The Third Third
 

Confessions of an Ageist

Is it ageism — on my part — to be so scared of getting/looking/acting old?  
I’m thinking it is.  I’m thinking that since most ism’s — racism, sexism, classism— have their basis  in someone’s fear of either “the other” or a loss of relative power, or both,  ageism must derive from fear as well.  And let me name just a few of the fears that come to mind:  becoming obsolete and invisible; being dismissed as inconsequential; being defined by age alone; frail and failing health; loss of mental acuity; loss of control over where you live or if you drive or when and what you eat; restricted activity; loss of loved ones; financial insecurity; disengagement from culture and community; loss of joy.  Lots of losses there.  Take note. Lots to fear.


So, when I compliment a friend’s new ring and she admits how much she likes it and how happy she is to have it and, in the next breath says it will go to the daughter who shares her birthstone, I cringe. Am I supposed to be there with her, at 65, thinking about deaccessioning even a gift I just received?  Thinking more about the end game than the present? Am I, with my friends,  inevitably and inexorably becoming the caricature I prejudicially loathe?  I resent my friend’s train of thought (which may, I concede, be perfectly realistic).  That’s ageism.


The same feelings arise when we as women laugh self-deprecatingly at the momentary “loss” of the names of people we know and items we use and words that say precisely what we mean to say, recognizing this is generally thought to be a benign and common (and sometimes reversible) development in our demographic cohort.  I reject the assumption that our minds simply don’t work so well anymore and that that’s OK.  I reject, again, the inevitability and inexorability of it all. I resent the possibility that I am one of “them.”  I am being ageist.

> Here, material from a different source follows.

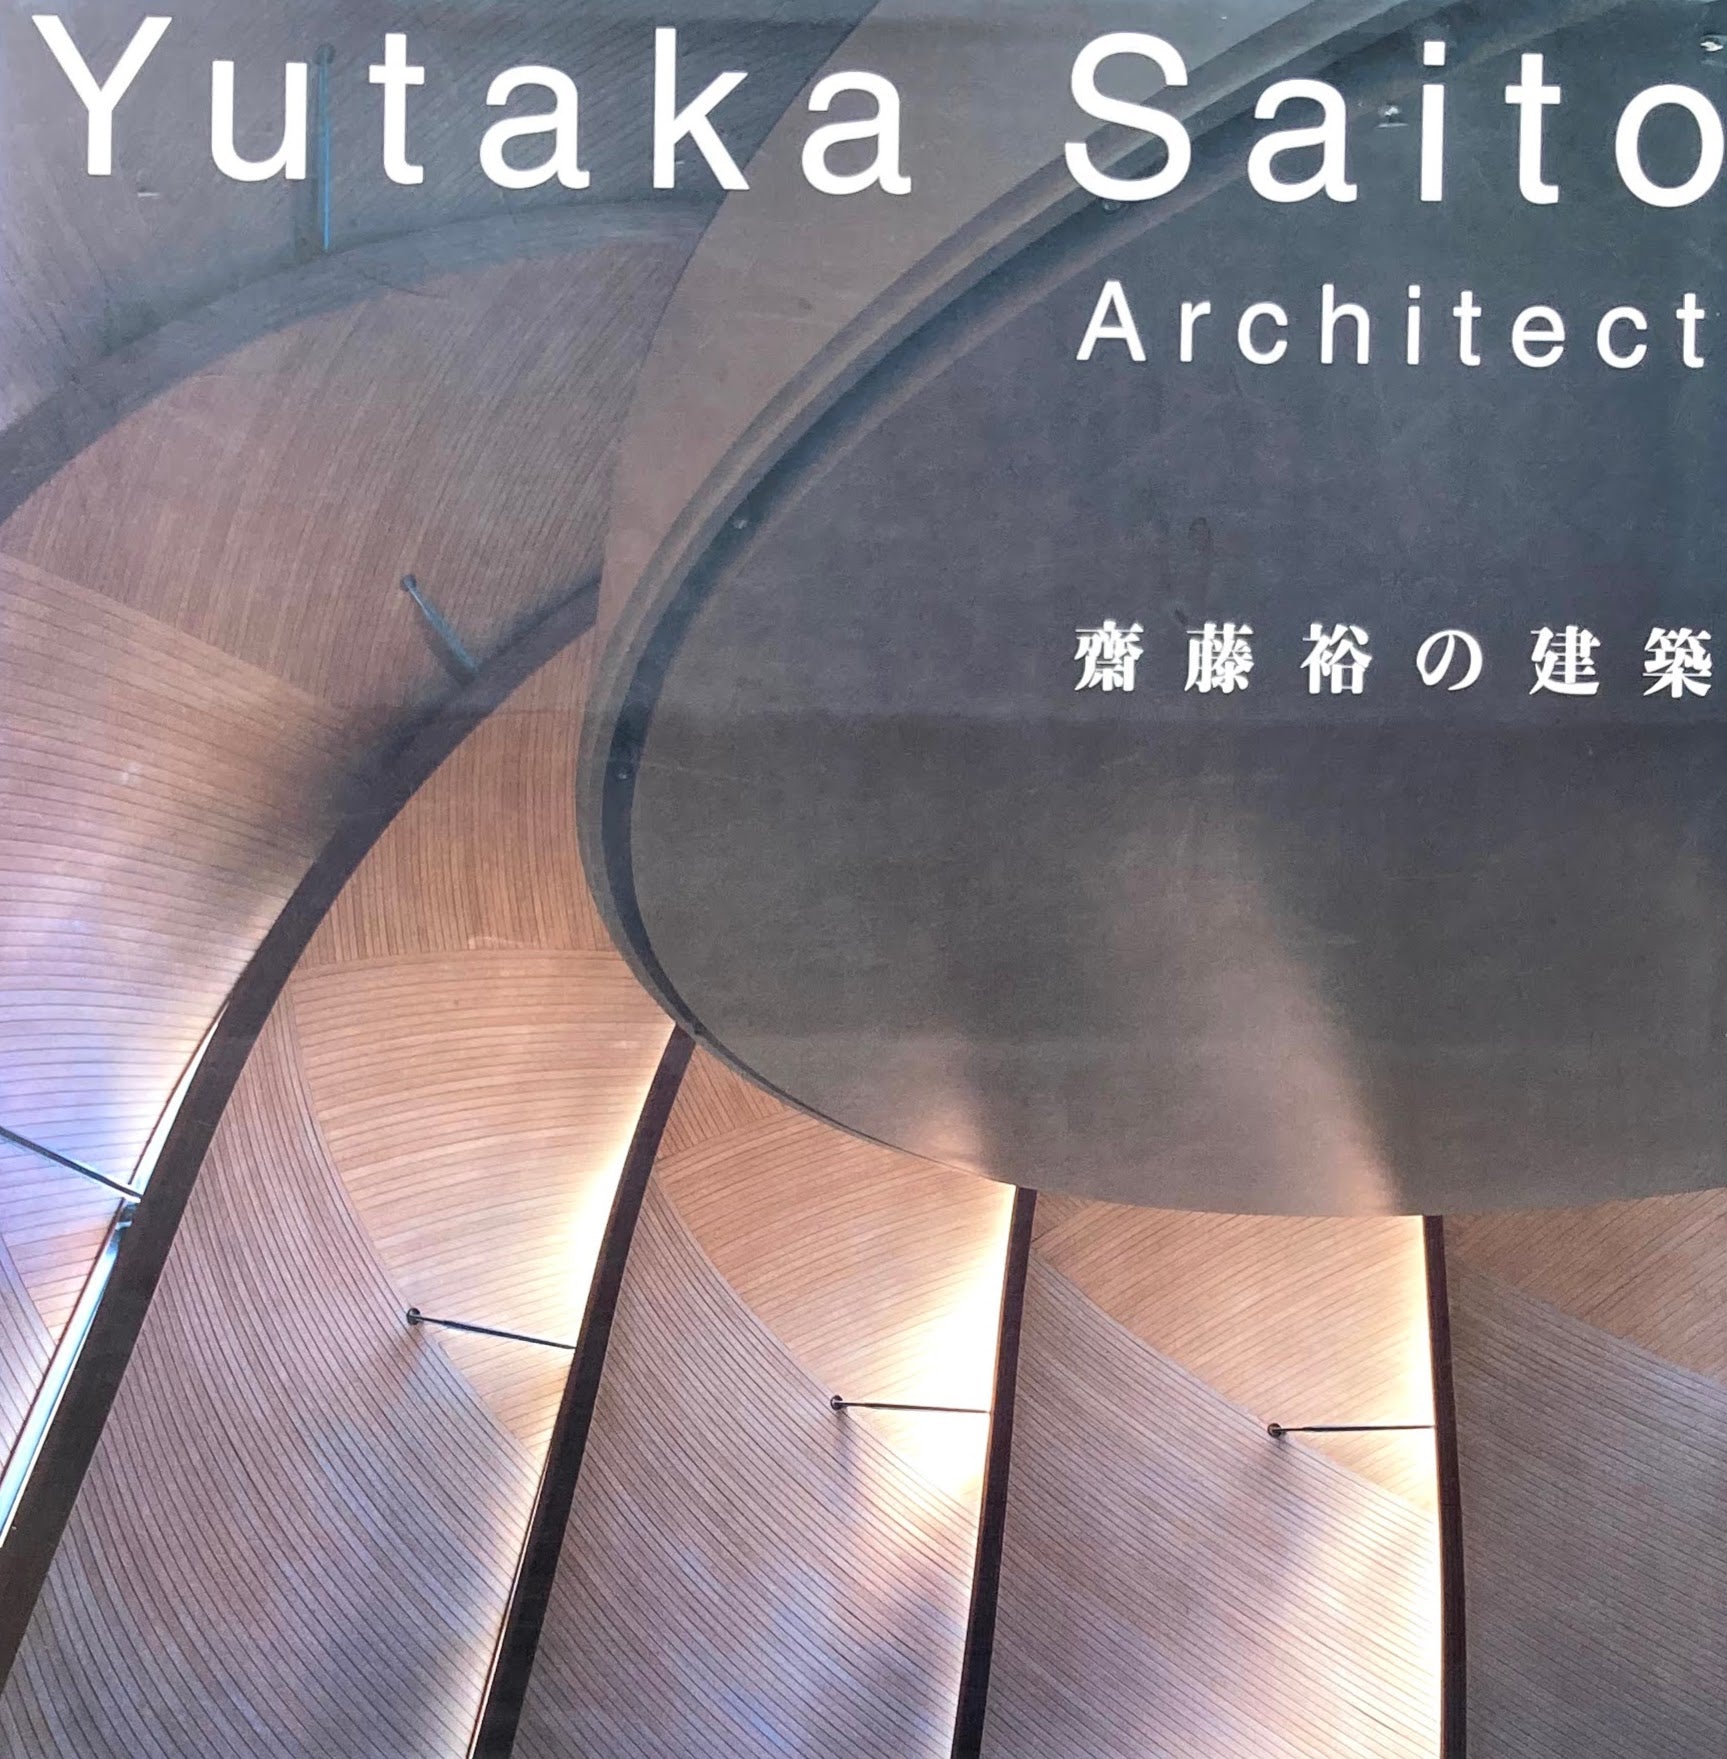 齋藤裕の建築 Yutaka Saito Architect Smokebooks 美術 デザイン 古書店
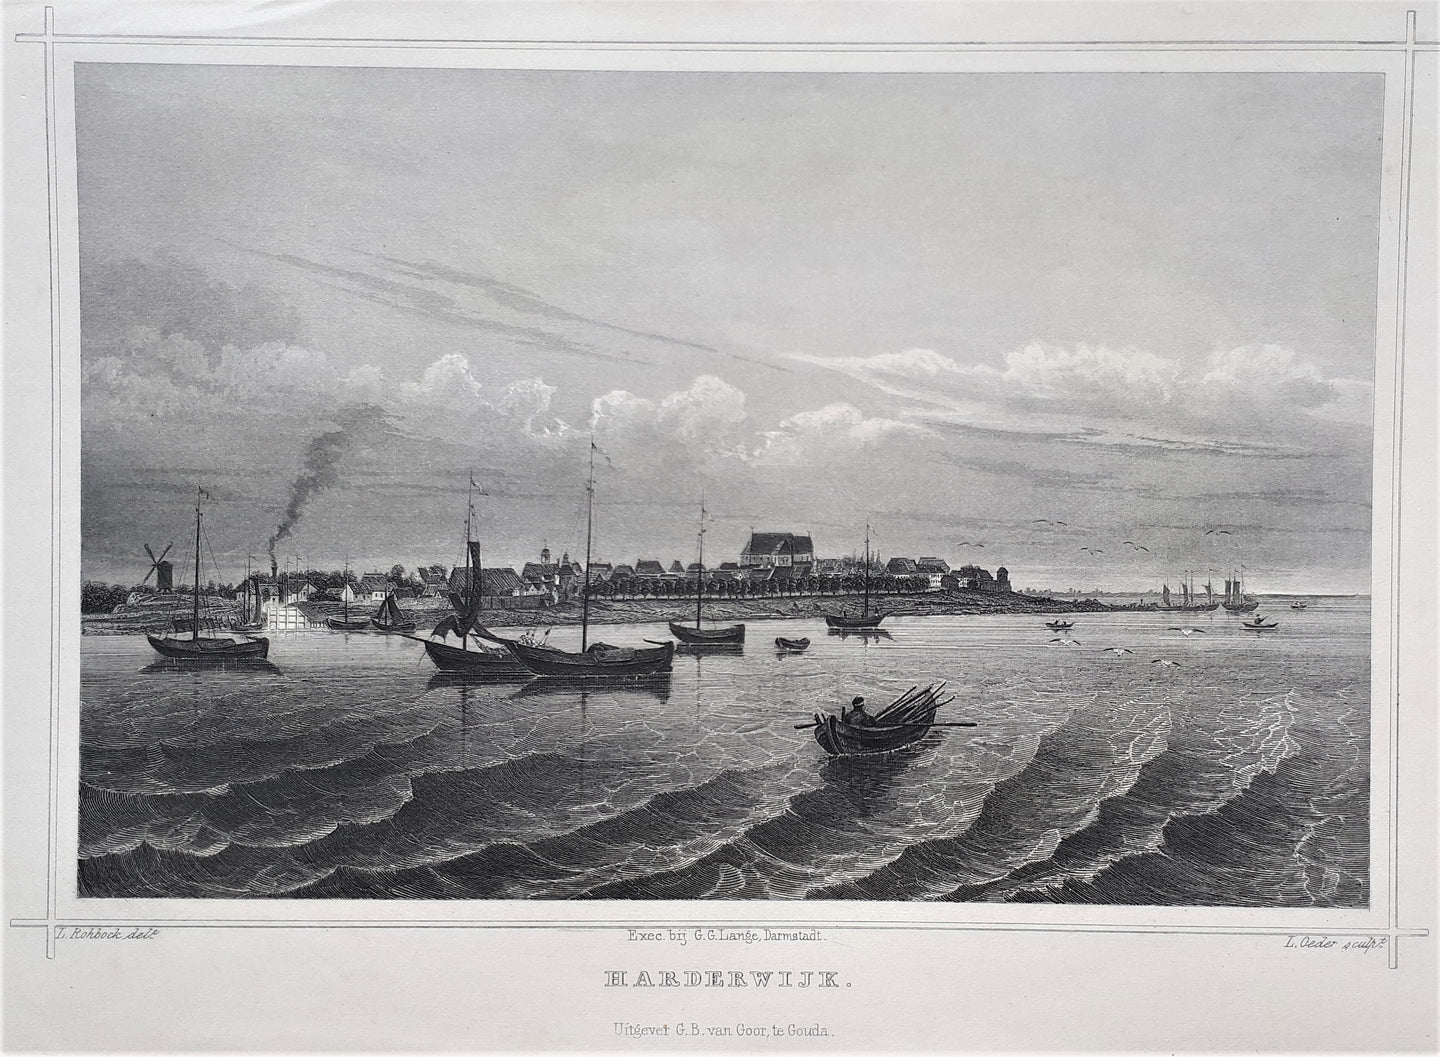 HARDERWIJK Gezicht vanaf het water - JL Terwen / GB van Goor - 1858

It’s ageism when I impatiently brush past people on walkers clogging the aisles of my grocery store, or toot my horn at the little old lady driving so painfully slowly through the post office parking lot, or when I’m disappointed there are no younger voices at the table to offer new ideas or different perspectives, or when I quit a volunteer assignment because none of the older volunteers can countenance any change at all.  It’s ageism because I am afraid of what I might become.


My ageism lives somewhere between denial and enlightened acceptance of aging itself. It has arrived at that fork in the road where you can move on to make new and different contributions — or you can move out to pasture.  It shows up randomly, as when all the tennis commentators at the Australian Open are my age (Chrissie Everett, John McEnroe) and talk more about when they were champions than the game at hand (Get over it already.  Move on.) and I wish (1) the network would hire new analysts and (2) I could still play tennis.


I find myself hoping my prejudice is not about aging itself, though I admit to being haunted by the losses part and I only reluctantly accept as true the biological imperative that wears our bodies down and out over time. I also hope it is not born of some sixties-era exceptionalism which posits that I will age exceedingly well which is, according to Atul Gawande, statistically very unlikely. 


What I’m counting on is using my ageism as an impetus to change those things in myself that are driving me mad in others today, without taking it out on the others.  For example, to live very, very intentionally in the present (which has the added benefit of reminding me I am not yet 80 or 85).  To exercise daily for mental acuity and physical strength and balance.  To proactively avoid becoming that little old lady caricature:  to use Uber, for example (or whatever it becomes in 10 or 15 years), to get around if I need to.  To read more widely, seek out and sincerely entertain different ideas and perspectives, keep my mind open to radical possibilities of what I still might do (and I don’t mean sky-diving), nurture my relationships, and remain accountable to my truest, most ageless self. I’m not willing to be resigned to obsolescence  like the woman who sighed loudly during a discussion of racism on Martin Luther King Day,  “Well maybe we’ve done all we can do and the younger generation can take over now.”  I’m not done yet.  And I hope I’m not acting or thinking or feeling so old as to suggest that I am.